1175   We now need to gather these into a write cluster and write them.
1176   They will all be on the clean_leafs list, so we can iterate that
1177    allocating or incorporating as needed.  This will be similar to
1178    do_checkpoint.
1179   Important question is: when?
1180    Ideally we would have some auto-flush mechanism.  The cleaner just
1181    keeps finding blocks to clean and when we start running out of
1182    resources we flush the cleaning queue.
1183    However we will still want to flush the cleaner always before a
1184    checkpoint, so for now we cna implement that bit and wait for a
1185    need for the other to arise.
1186
1187
1188   FIXME: cleaner lookup of 0/0/0 has interesting consequences as we
1189       don't record that location the same way.. how to handle?
1190      Should check that 'adopt' doesn't do the wrong thing with this block.
1191
1192
1193   Realloc blocks need to be pinned.  That makes sense.  Only that way
1194     will they get onto the clean_leafs list.
1195   When checkpointing we should probably examine clean_leafs to be
1196    on the safe side.
1197
1198
1199   Realloc and Dirty:
1200
1201      Both of these hold a Credit.
1202      Both can be set at the same time.
1203      Cleaner ignores Dirty and sets Realloc anytime the block is in
1204       the wrong segment.  It also Pins the block.
1205      When the cleaner is flushing to the cleaning segment, it
1206       ignores Dirty blocks.  They get their Realloc cleared, but
1207       the remain pinned.  So they will get moved at the next checkpoint.
1208      How do we know whether an indexblock should be Dirty or Realloc?
1209       The Dirty/Realloc bit is cleared before we get to incorporation.
1210       Maybe we lafs_dirty_iblock the parent of any block we write
1211        out.  Then after incorporation, we set Realloc if it is not
1212        dirty.
1213
1214 STATUS:
1215   I think I'm pinning cleaner blocks now.
1216   Need to make sure the dirty ones are dropped. DONE
1217   Need to make sure the usage is transferred
1218   Need to get free segments back into use
1219   Need some more 'dump' options.  Maybe youth/usage files.
1220       Maybe tree.
1221   Need to make sure scan etc are triggered often enough.
1222
1223   FIXME lafs_prealloc walks up ->parent without locking
1224     I think we want i_mapping->private_lock like lafs_pin_iblock.
1225
1226 TODO:
1227   1/ a 'dump' option that triggers a scan and prints everything out.

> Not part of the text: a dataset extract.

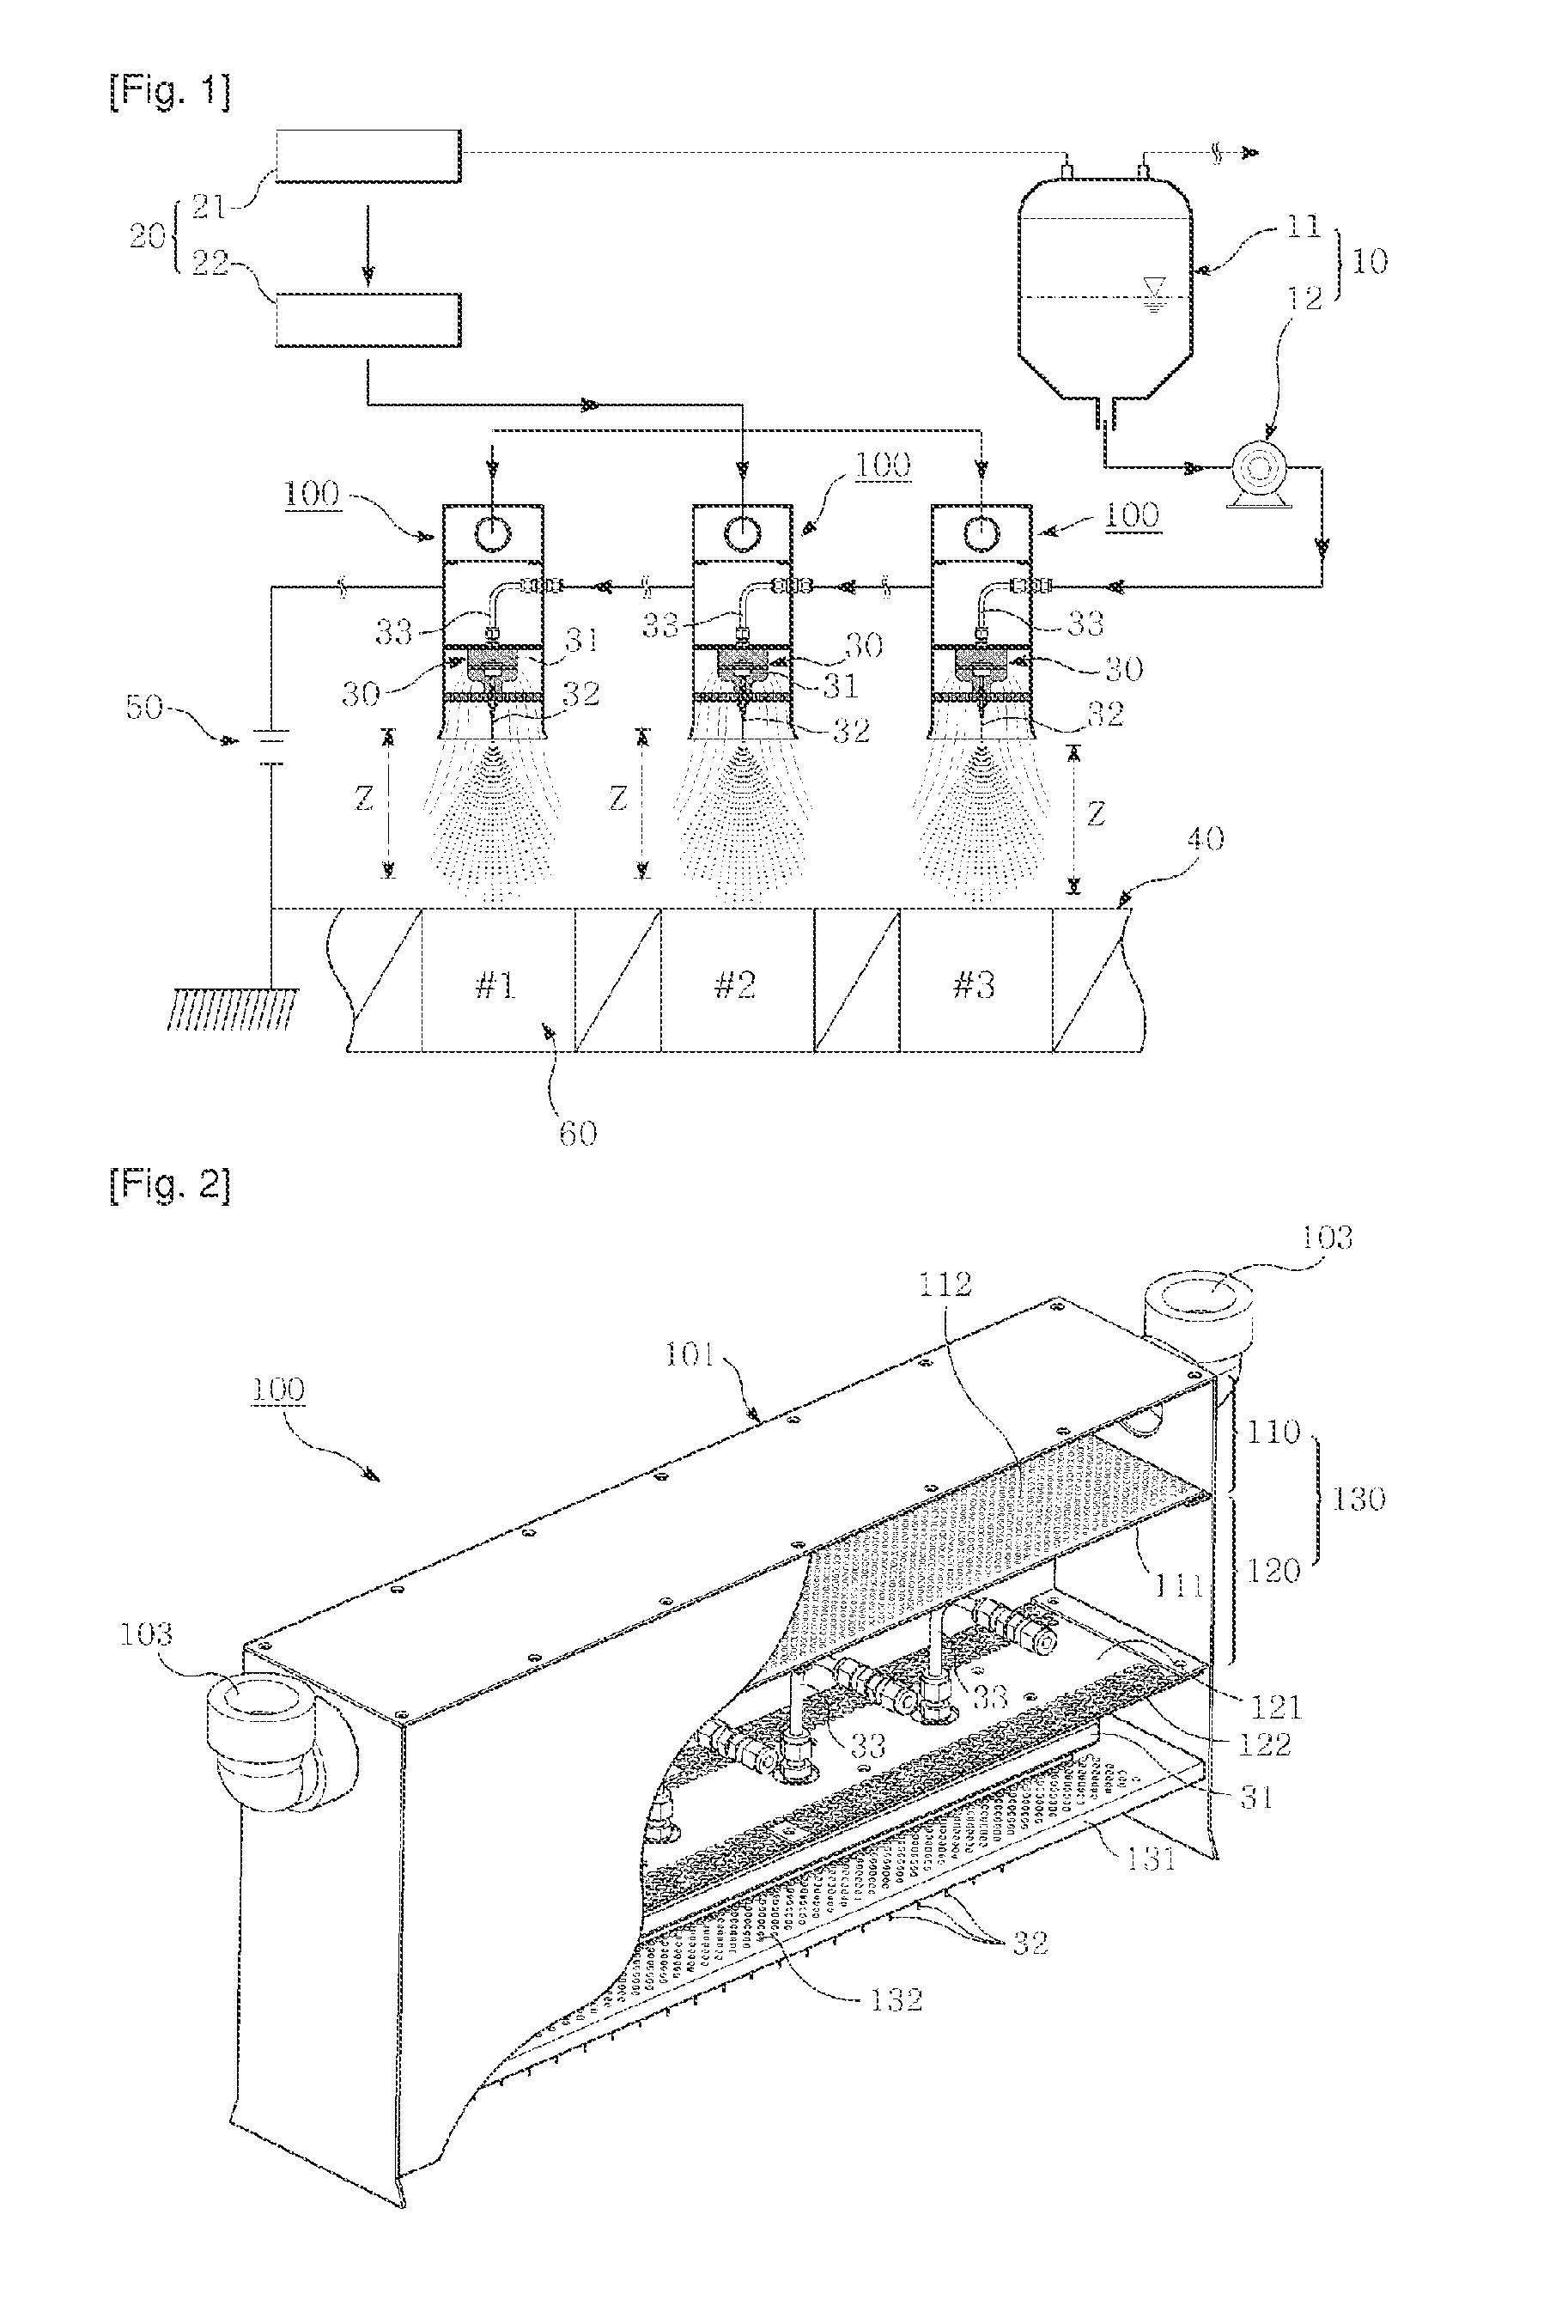 Electrospinning apparatus for producing nanofibres and capable of adjusting the temperature and humidity of a spinning zone

1228   2/ scan must mark freeable as such, then subsequently free them.
1229   3/ Look at code that decreases usage of old segments.
1230   4/ Review lafs_cluster_wait_all and decide exactly how long we need
1231      to wait.
1232   5/ Review 'FIXME that is gross' HZ/10 thing.

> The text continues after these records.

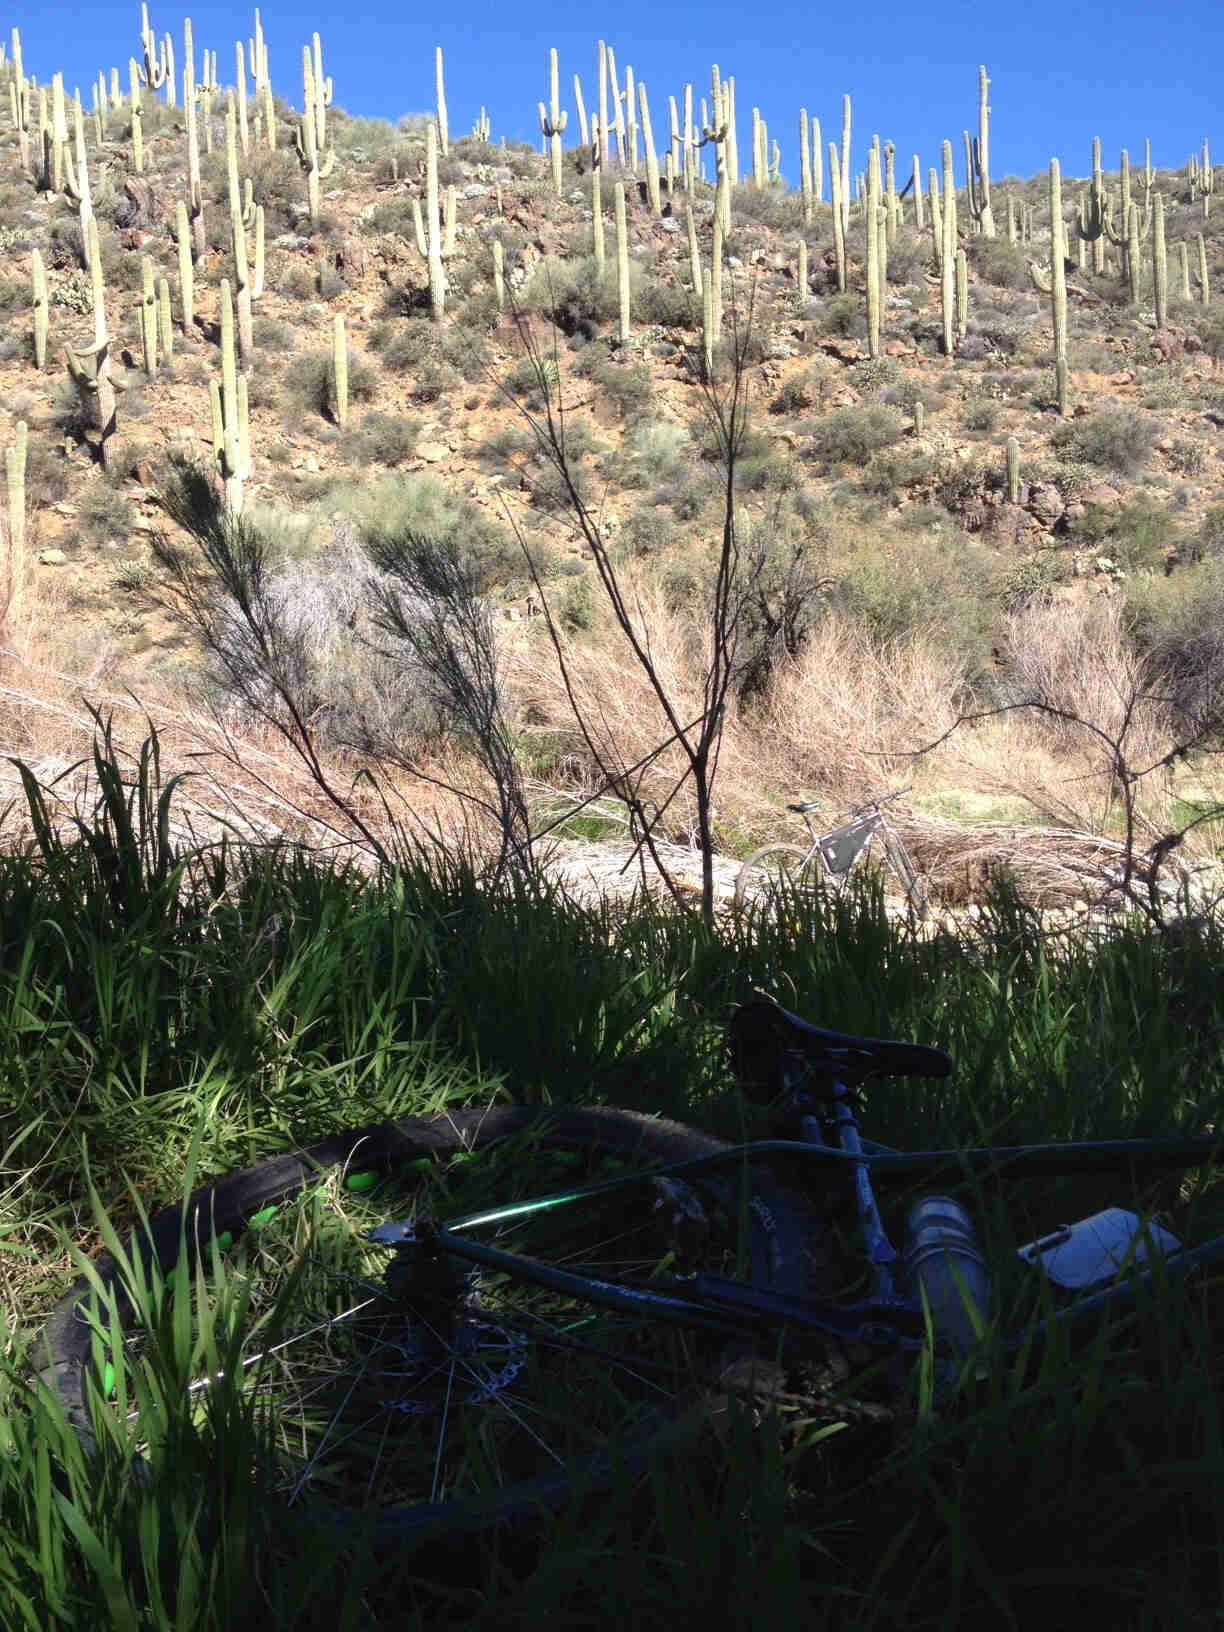 Downward, right side view of the back of a Surly fat bike, laying in tall grass, at the base of a cactus covered hill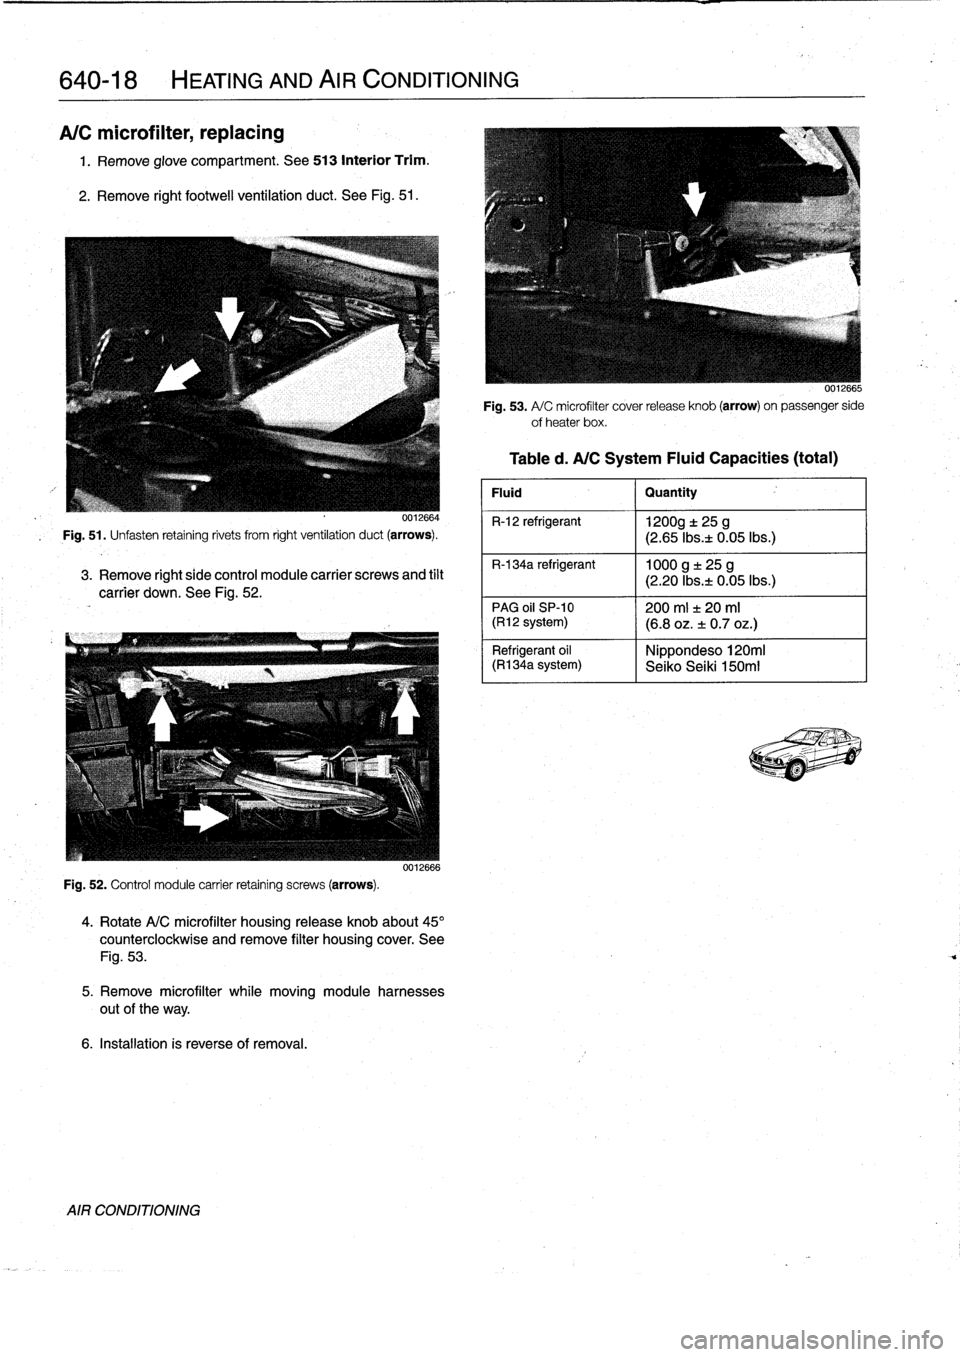 BMW 328i 1994 E36 Workshop Manual 
640-18

	

HEATING
AND
AIR
CONDITIONING

A/C
microfilter,
replacing

1
.
Remove
glove
compartment
.
See
513
Interior
Trim
.

2
.
Remove
right
footwell
ventilation
duct
.
See
Fig
.
51
.

0012664

Fig

1233   6/ Review 'wait for checkpoint to flush' msleep(500);
1234            Maybe remove that altogether.
1235
1236   FIXME BUG_ON in grow_index_tree fires. sync - writepages - flush
1237   FIXME BUG in lafs_allocated_block fired.
1238             from lafs_erase_dblock from invalidate_page from .. vmtruncate
1239              from lafs_setattr
1240
1241   Current problem:
1242     An inode data block is dirty and pinned, but the inoidx is no longer
1243        pinned.  Presumably it isn't dirty.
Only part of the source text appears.